Одобрительные аплодисменты стайкой пролетели по залу.
– Но выступление свое вы все-таки сохраните, – сказал Хейфец. – А сейчас я хочу вернуть Анне Богумиловне ее художественный образ, позаимствованный ею у дедушки Крылова. Сначала – анекдот из жизни. Достоверный. Сидят вместе два наших мичуринца. Один говорит: «Что делать?» Другой: «А что?» Первый: «У Стригалева на двух растениях ягоды завязались». Второй: «Вот сволочь!»
Зал вздохнул и весело загудел. Послышались редкие хлопки.
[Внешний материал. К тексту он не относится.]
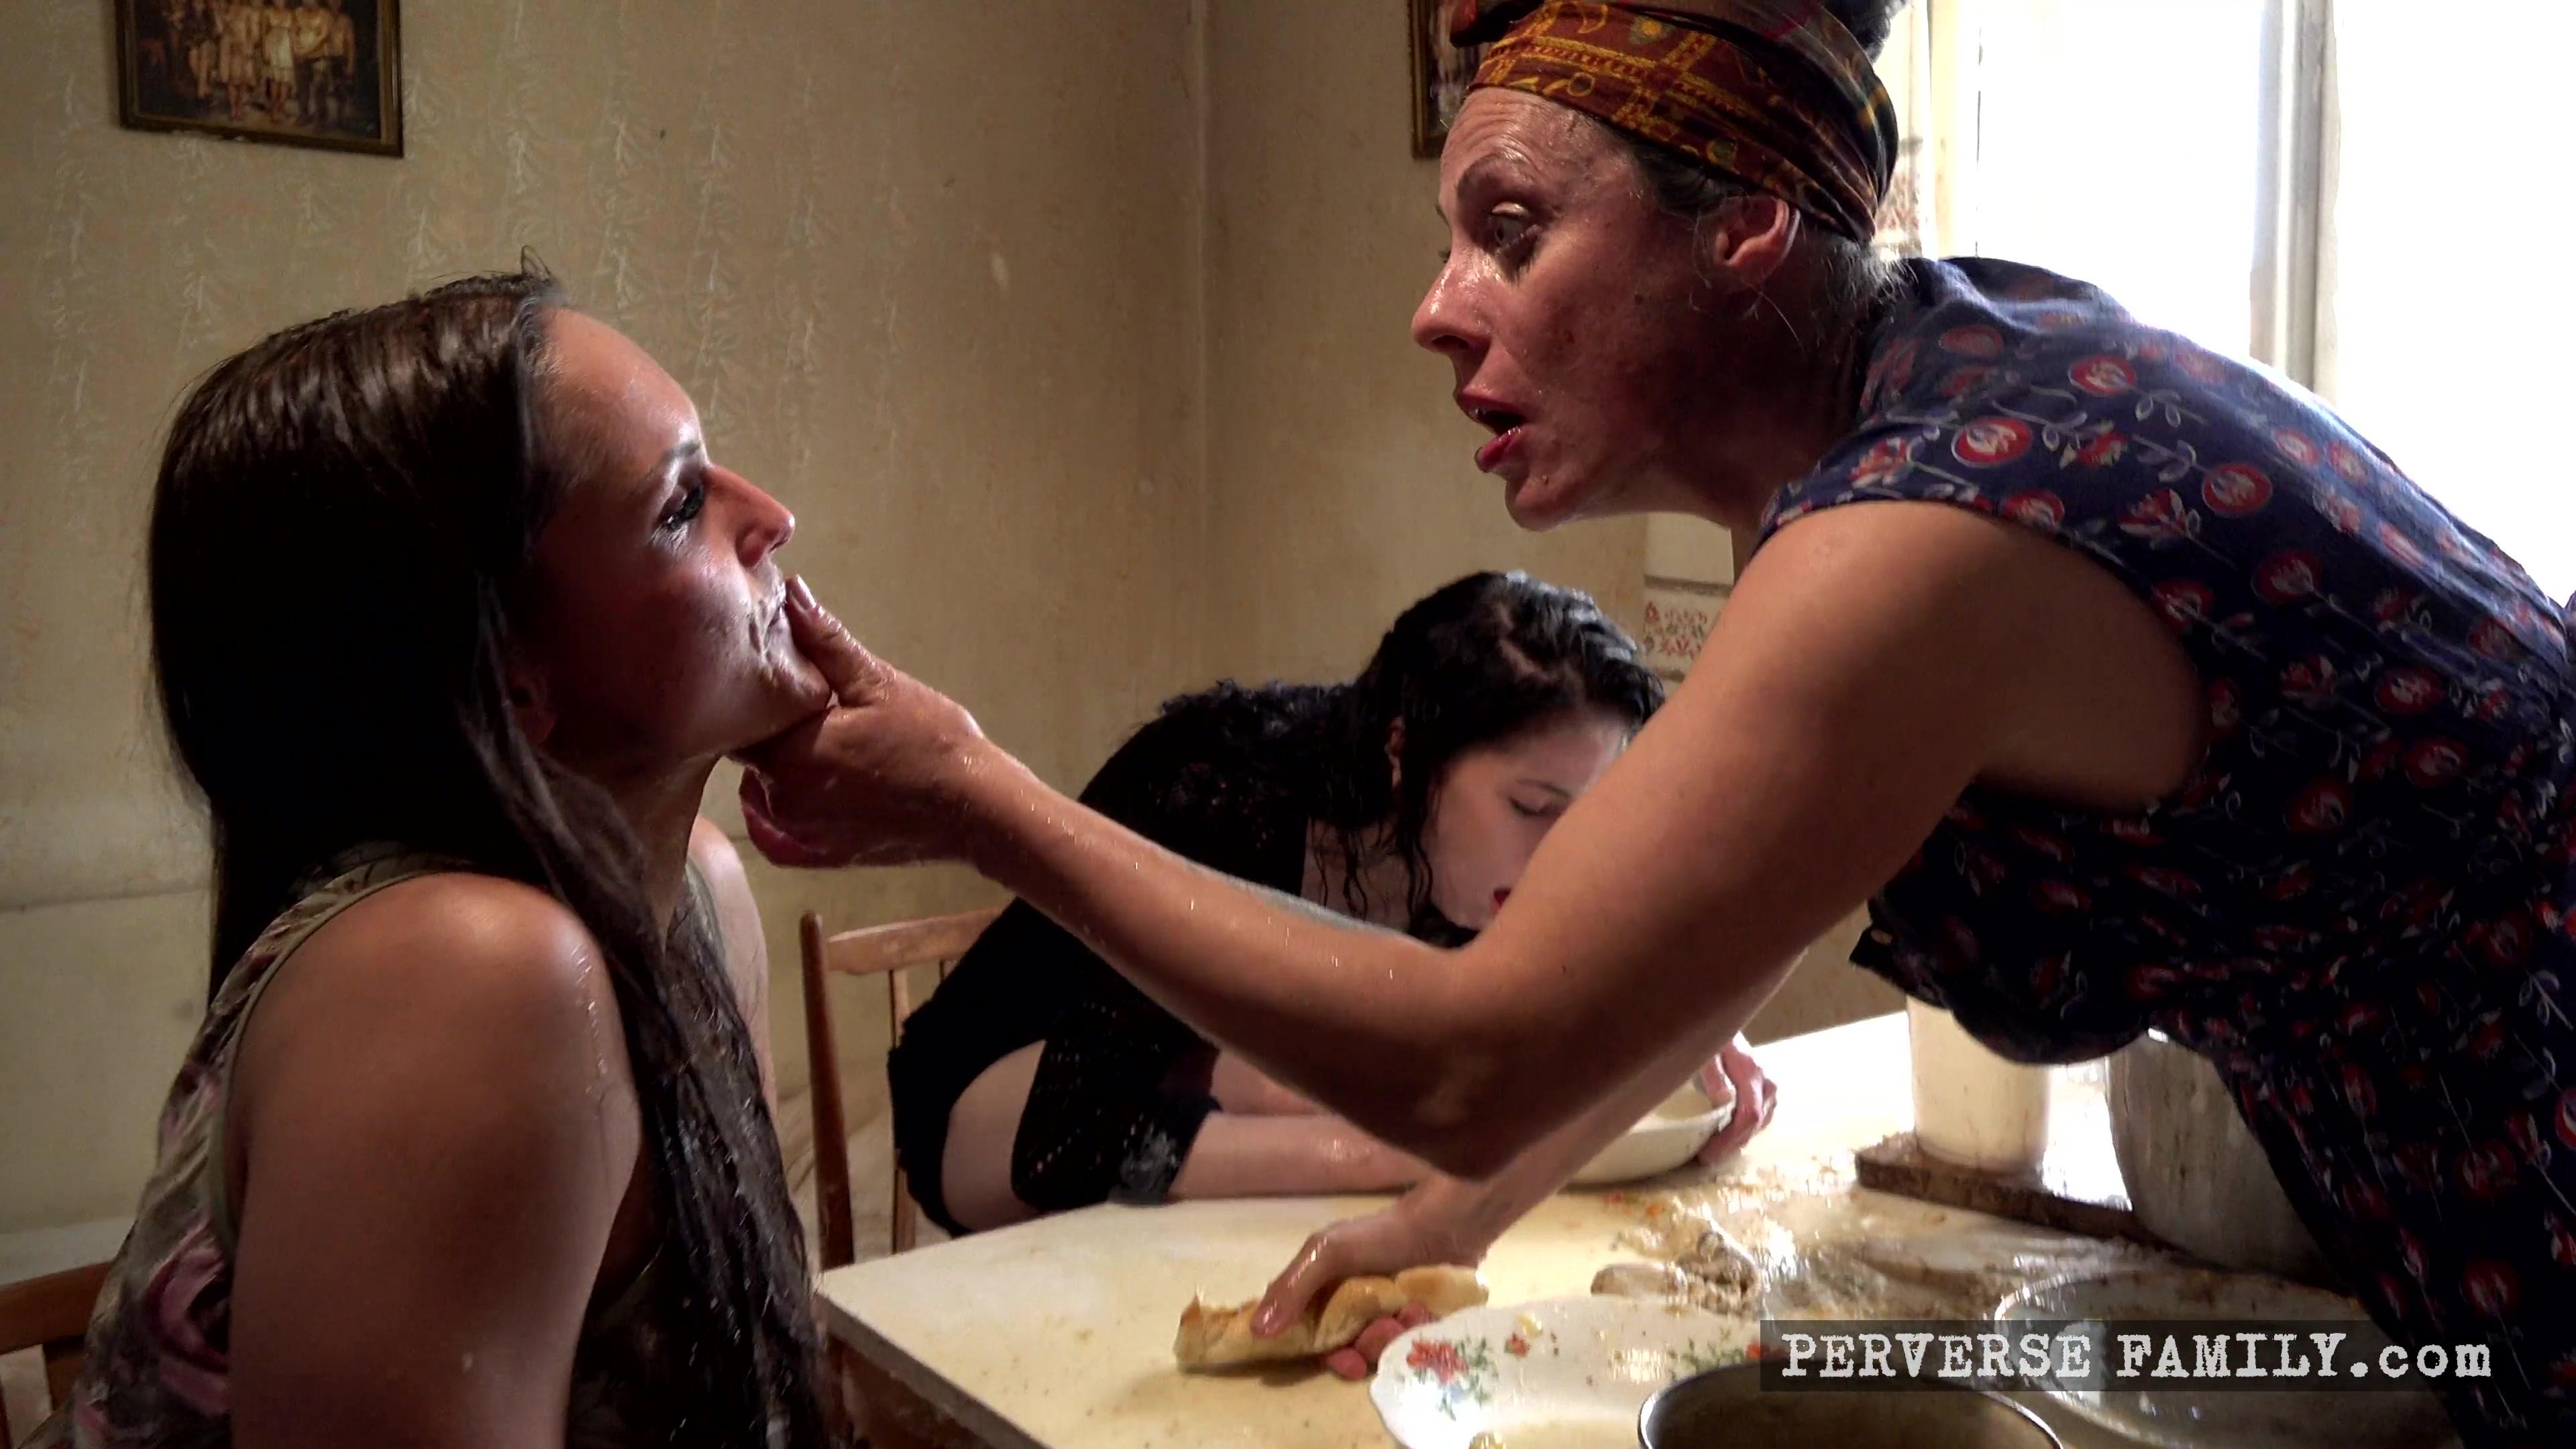 perverse-family-taste-my-vomit-3840x2160 00001

– А теперь к делу, Анна Богумиловна! Мне помнится, лет десять назад, перед войной вы ездили в Москву с моей запиской в известный вам институт. Отвезли мешочек семян пшеницы. И вам эти семена там облучили. Гамма-лучами. В институте это зарегистрировано. Еще, помню, вы сказали: «Чем черт не шутит». Вы высеяли облученные семена в учхозе, и выросло много всяких, как вы говорите, уродцев. Но два растения вы сразу заприметили, вы все же селекционер. И вот из них-то и пошли те сорта, которыми сегодня вы по праву гордитесь. Мы с цитологами следили за судьбой этих растений, такое настоящий ученый никогда не упустит. Вместе со Стефаном Игнатьевичем смотрели в микроскоп. Но дуб, который дал вам эти желуди, подрывать, Анна Богумиловна, не годится. Это недостойно…
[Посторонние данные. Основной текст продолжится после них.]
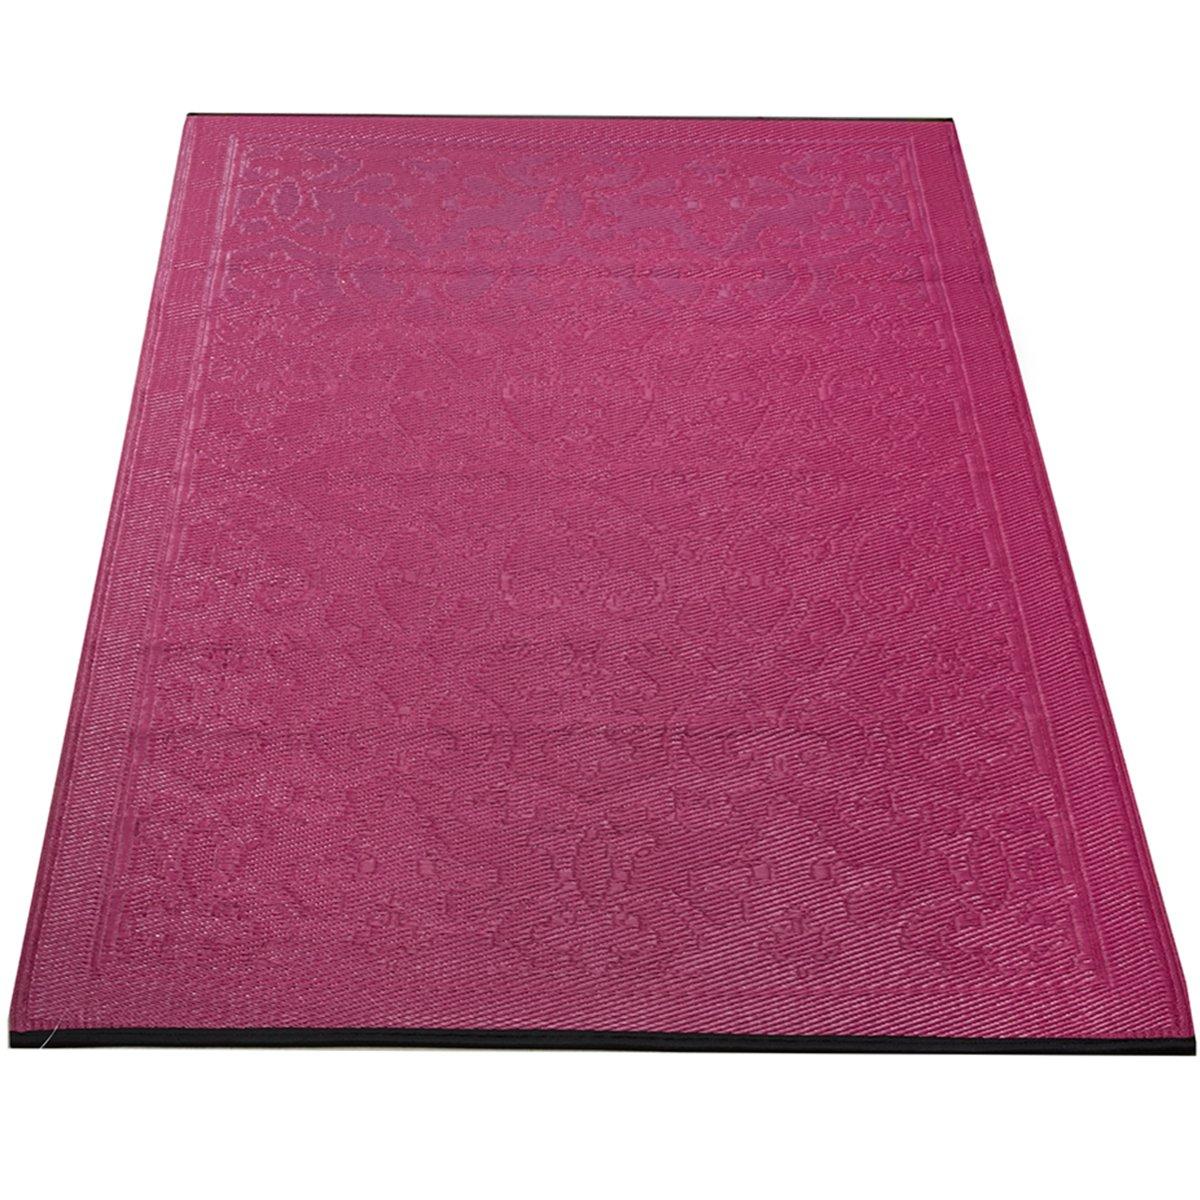 Yankee Trader 4' X 6' Indoor/Outdoor Decorative Reversible Patio Carpet Rug, Pattern 10
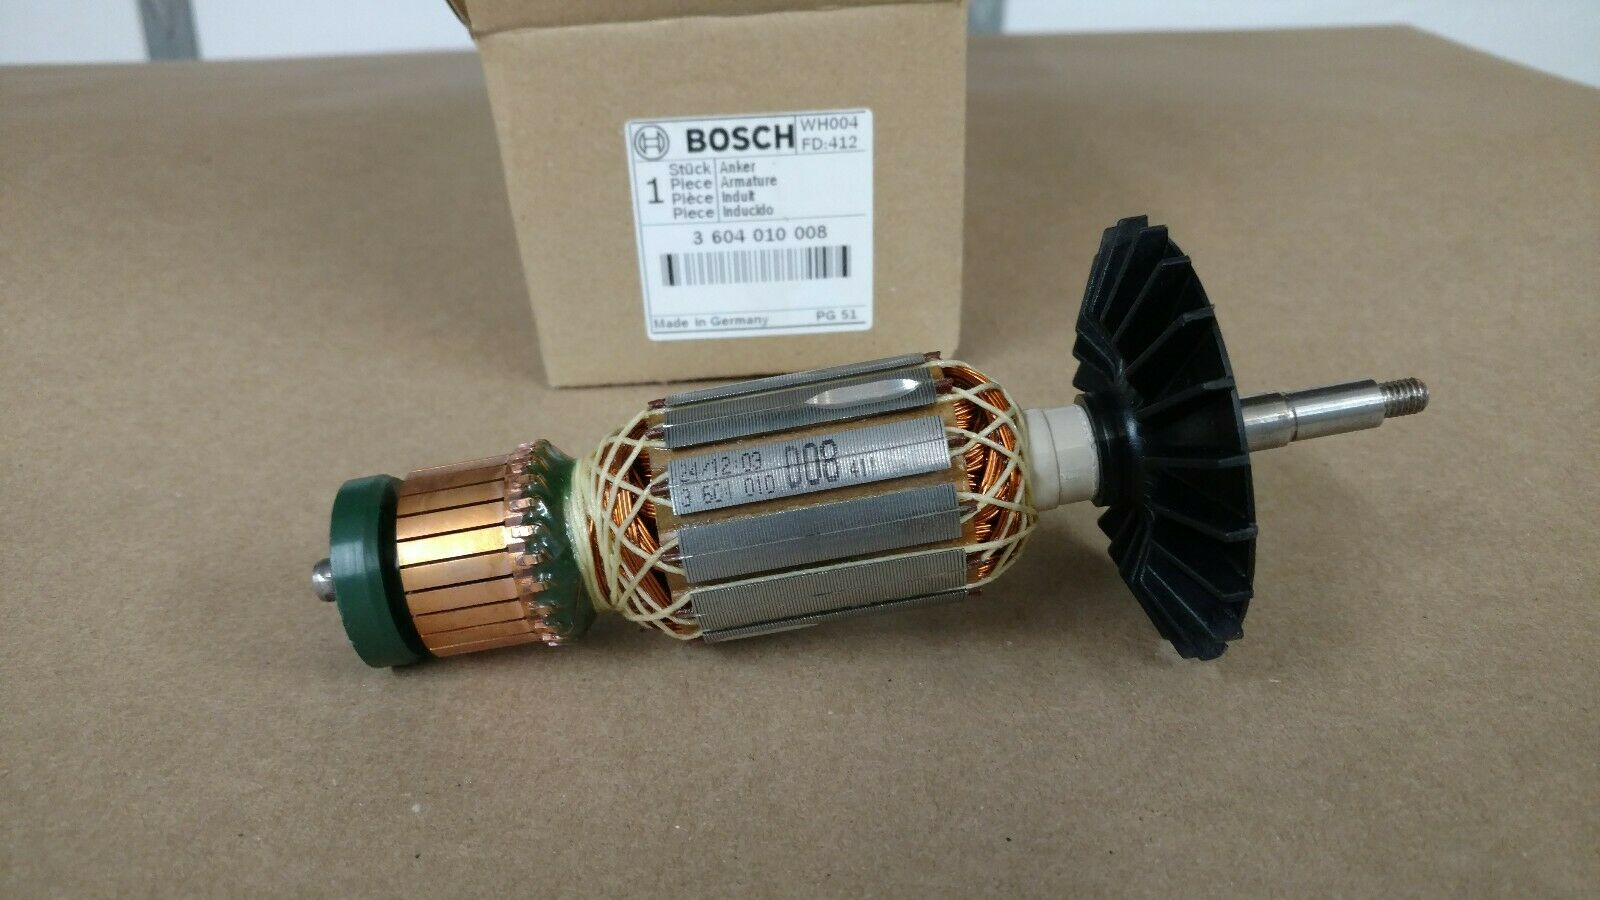 3604010008 Armature  Genuine BOSCH-SKIL-DREMEL spare-part

Голова Вонлярлярского еще страшнее завертелась, как только он услышал слова «вместе со Стефаном Игнатьевичем». А руки сами по себе стали ощупывать костюм, он достал блокнот и судорожно принялся писать в нем. Потом оторвал листок и передал кому-то впереди себя. И белая бумажка, прыгая из ряда в ряд, побежала в президиум.
– …В науке должна быть уверенность в избранном пути, – тем временем завершил длинную назидательную реплику Варичев.
– Очень торжественно говорите! – возразил Хейфец. – А ведь Колумб не Америку открывать собирался, а Индию. Был уверен в избранном пути. А попал в Америку! А вы говорите, уверенность. Настоящий ученый, если будет заранее знать ответ, не станет и заниматься этим делом! Какая может быть уверенность, если исследуется белое пятно! Простите, ваши слова отражают не научное мышление, а бытовое. Здесь не уверенность, а пытливость нужна! И честность! И устойчивое добродушие! Вы получили аргумент – извольте его обработать, если вы ученый. А не топать. А в общем, все это пустое, – махнув рукой, Хейфец сошел с трибуны и так же, головой вперед, ни на кого не глядя, прошел на свое место.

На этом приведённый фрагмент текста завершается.